You will need to work with the discrete geometry objects when you
read meshes (see \ref MeshInputDoc), 
and when you tag certain cells on which boundary conditions
might be applied (see \ref LabelDoc). 

Weak equations and boundary conditions will be associated with
symbolic geometry objects called CellSets. A CellSet might refer
to all cells given a certain label, for instance.

\section MeshDoc Discrete geometry

The user-level discrete geometry objects are Point, Cell, and Mesh. 
<ul>

<li> A Point represents the position vector of
a point in space, parametrized by its cartesian coordinates. Operator
overloading is used to define vector arithmetic operations on points; for
example, a+b adds the position vectors of a and b.

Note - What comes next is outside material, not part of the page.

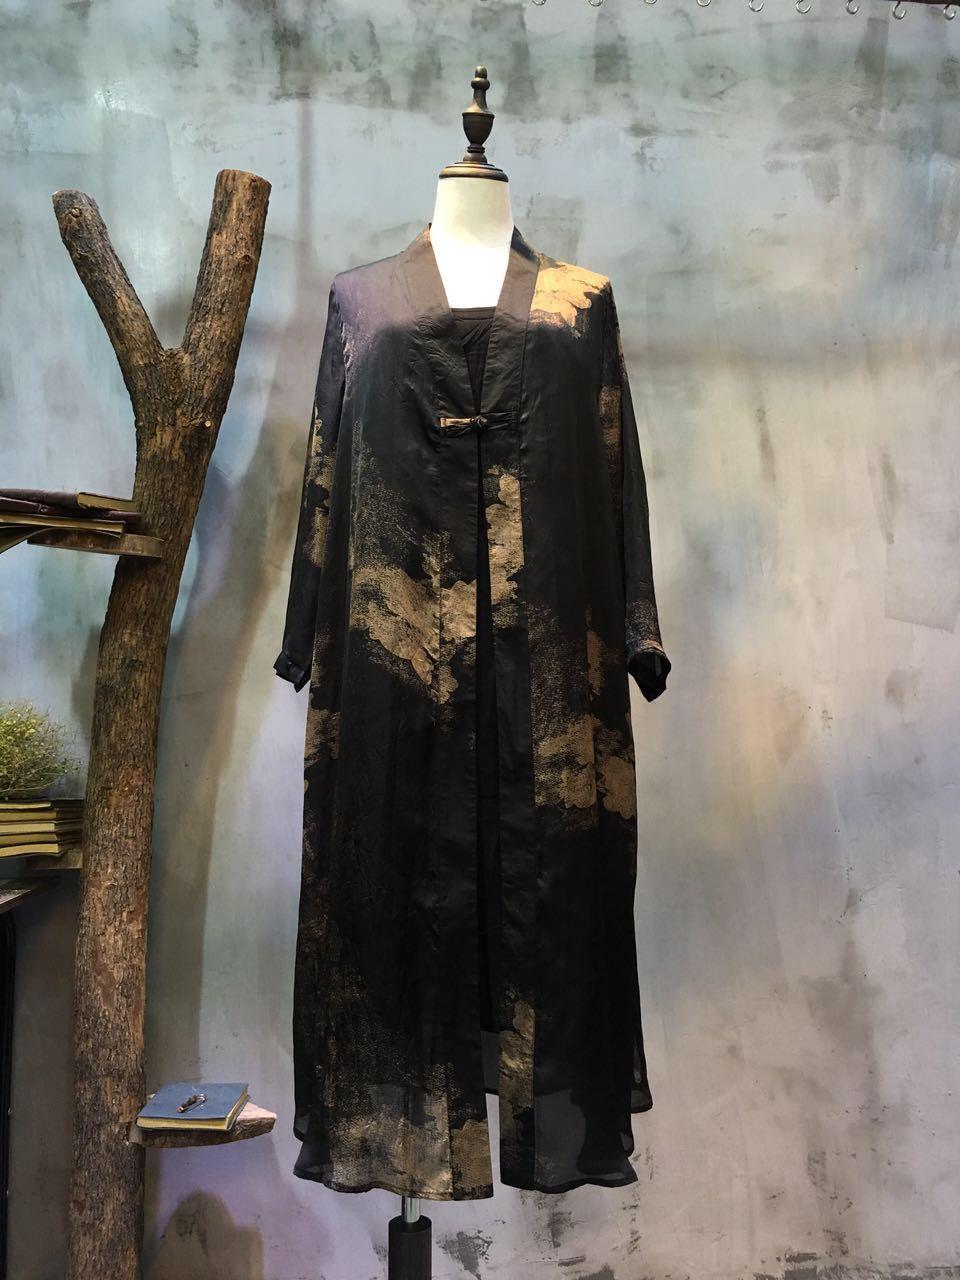 Ladylike Chinese Ink Painting Loose Cardigan Long Chiffon Clothes  #cardigan #black #chiffon #clothes #outerwear #Chinese #ink #painting #print #long #elegant

<li> A Cell is a topological cell in the mesh. Zero-cells are points, 
one-cells are lines, two-cells are polygons, three-cells are polyhedra.
Any given Cell can be tagged with a String label, so that it can be identified
as part of a domain on which an equation is to be applied (see \ref CellSetDoc
and \ref LabelDoc below).

Cells store topological information (connectivity with their neighbors) and
geometric information (positions of nodes) independently. You can reposition
a node point, and all cells that contain it will automatically refer
to the new nodal position.

A Cell has accessors that let you look up its facet and cofacet Cells, and
look up its vertex and node points. You will often use these in writing
conditional functions to identify cells on a particular subdomain
(see \ref LabelDoc).

The data underlying a Cell object is stored by reference, so a change to 
a Cell also changes all copies of that Cell.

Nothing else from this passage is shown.